In recent years, platinum has been the leading material in the energy industry. However, platinum is both expensive and scarce.
In order to boost alternative energy solutions, researchers have been searching for a substitute for platinum that will allow for cheaper and equally efficient energy technology.
In order to do this, a team from the University of Wisconsin-Madison and Georgia Institute of Technology are focusing on a new catalyst that combines the more expensive platinum with the less expensive palladium.
This from University of Wisconsin-Madison:
This not only reduces the need for platinum but actually proves significantly more catalytically active than pure platinum in the oxygen reduction reaction, a chemical process key to fuel cell energy applications. The palladium-platinum combination also proves more durable, compounding the advantage of getting more reactivity with less material. Just as importantly, the paper offers a way forward for chemical engineers to design still more new catalysts for a broad range of applications by fine-tuning materials on the atomic scale.

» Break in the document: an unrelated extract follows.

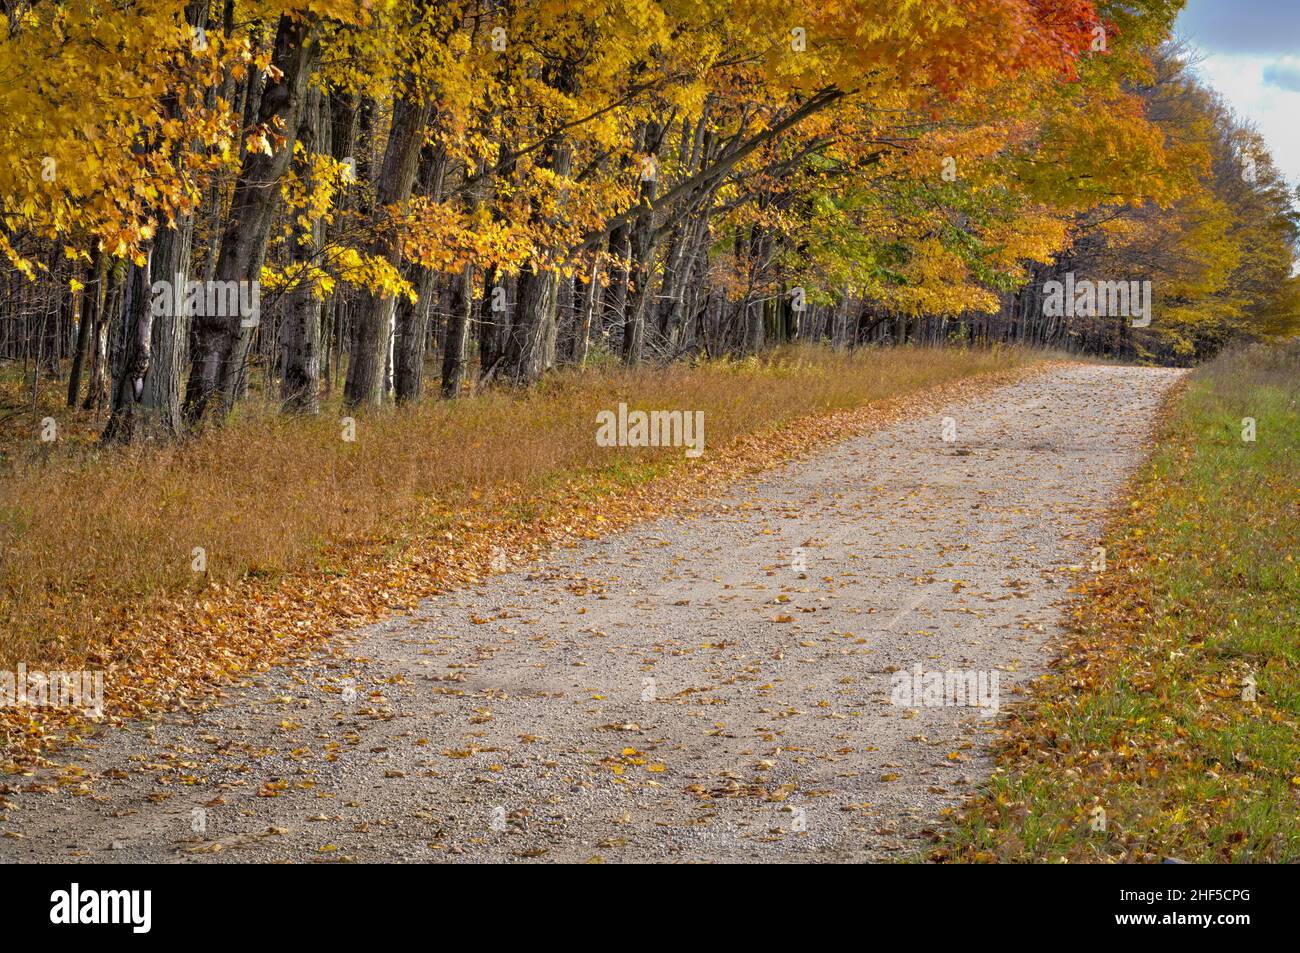 Un exemple de l'écran couleur annuel d'automne qui se produit chaque automne dans le comté de Door, Wisconsin, qui est une destination touristique majeure. Banque D'Images

“This is speaking to the precise arrangement of atoms on the surface of a nanoparticle,” said Manos Mavrikakis, head researcher in the development. “That can make an enormous difference in how fast the reaction takes place. Theory has been instrumental for about 10 years now to demonstrate the importance of being able to tailor-make specific facets of the same material.”
This new development could make catalysis-driven processes more efficient and less expensive. By moving away from platinum, there are more opportunities for new energy technologies due to economic feasibility.